Public Relations Deserves its Bad Rap

WASHINGTON:  On November 26thGeneral Motors announced it was closing five plants in the US and Canada, dismissing 14,000 employees.

But GM chose to obfuscate what should have been straight-forward information.

A three-page press release  bore the misleading title, “General Motors Accelerates Transformation.” the words “closing” and “layoffs” were never used. Indeed, that news is buried, appearing nonsensically midway down the second page.
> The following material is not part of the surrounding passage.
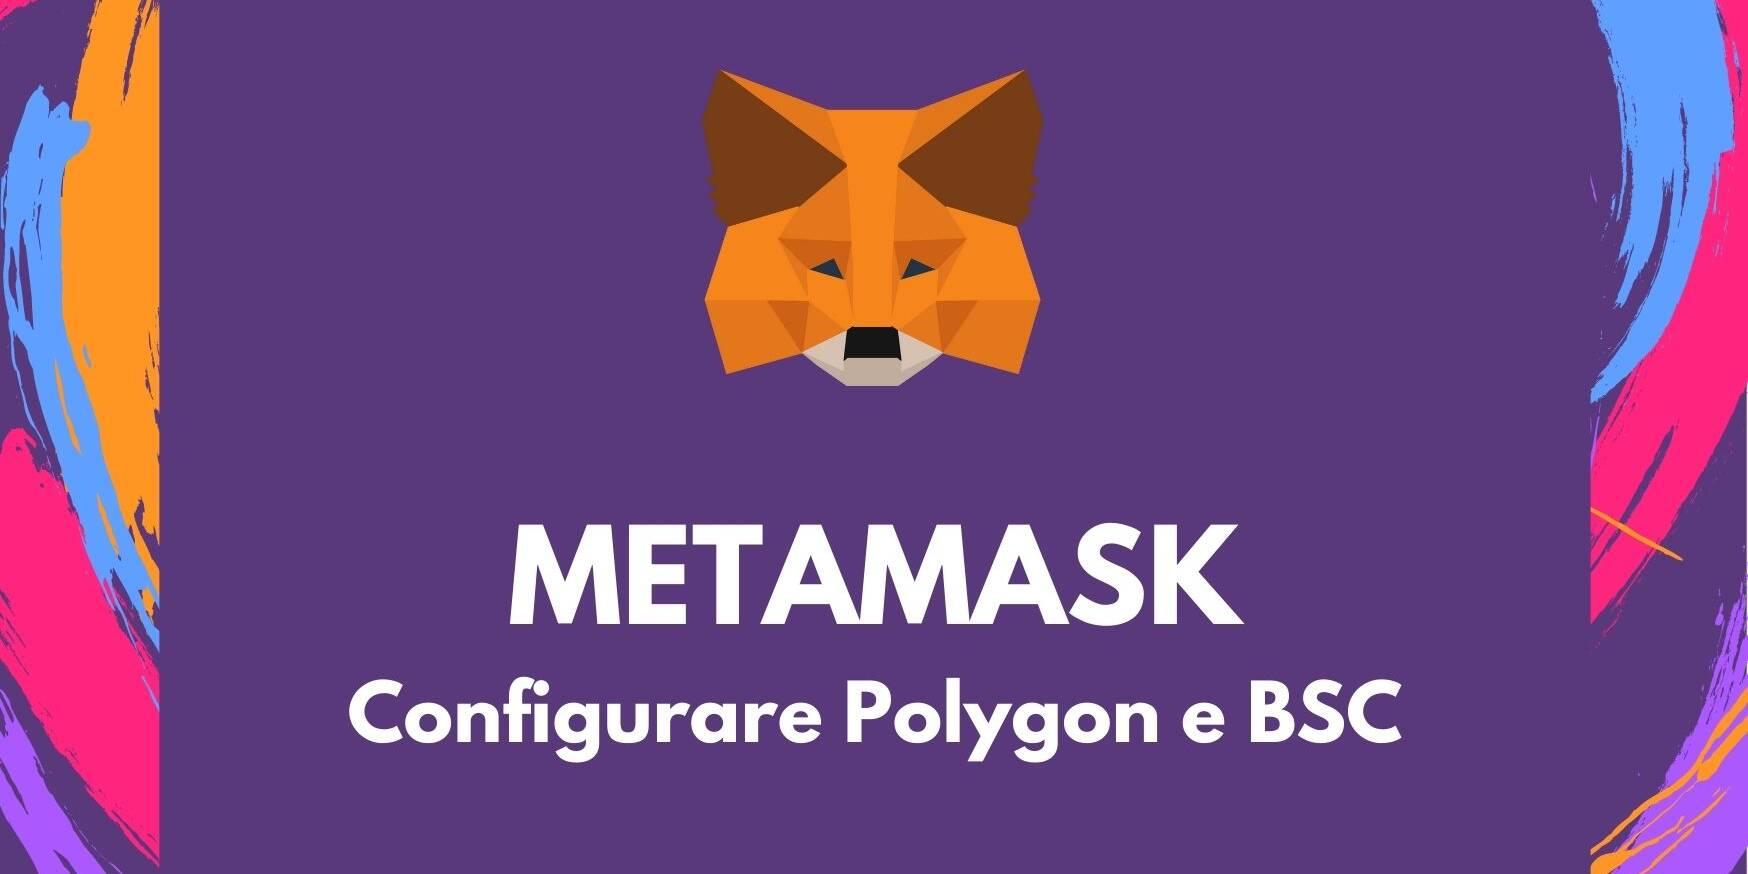 METAMASK configurare Polygon e BSC

To avoid speaking of layoffs and closings GM’s PR people twisted themselves into a contortionist’s pose with this euphemistic phrase:

“With changing customer preferences in the U.S. and in response to market-related    volume declines in cars, future products will be allocated to fewer plants next year.”

And then comes the key message.

“Assembly plants that will be unallocated in 2019 include:

Oshawa Assembly in Oshawa, Ontario, Canada.

Detroit-Hamtramck Assembly in Detroit.

Lordstown Assembly in Warren, Ohio.”

What does this mean in plain English?  An unallocated plant is a closed factory. Declining sales are euphemistically called changing customer preferences, market related volume declines.

Job losses are addressed indirectly.

“Actions are being taken to reduce salaried and salaried contract staff by 15 percent…”

This pathetic GM press release hopefully will be studied in journalism schools as how NOT to communicate.  Regrettably in public relations classes this obfuscation is likely to be lauded successful, emphasizing the positive while minimizing the negative.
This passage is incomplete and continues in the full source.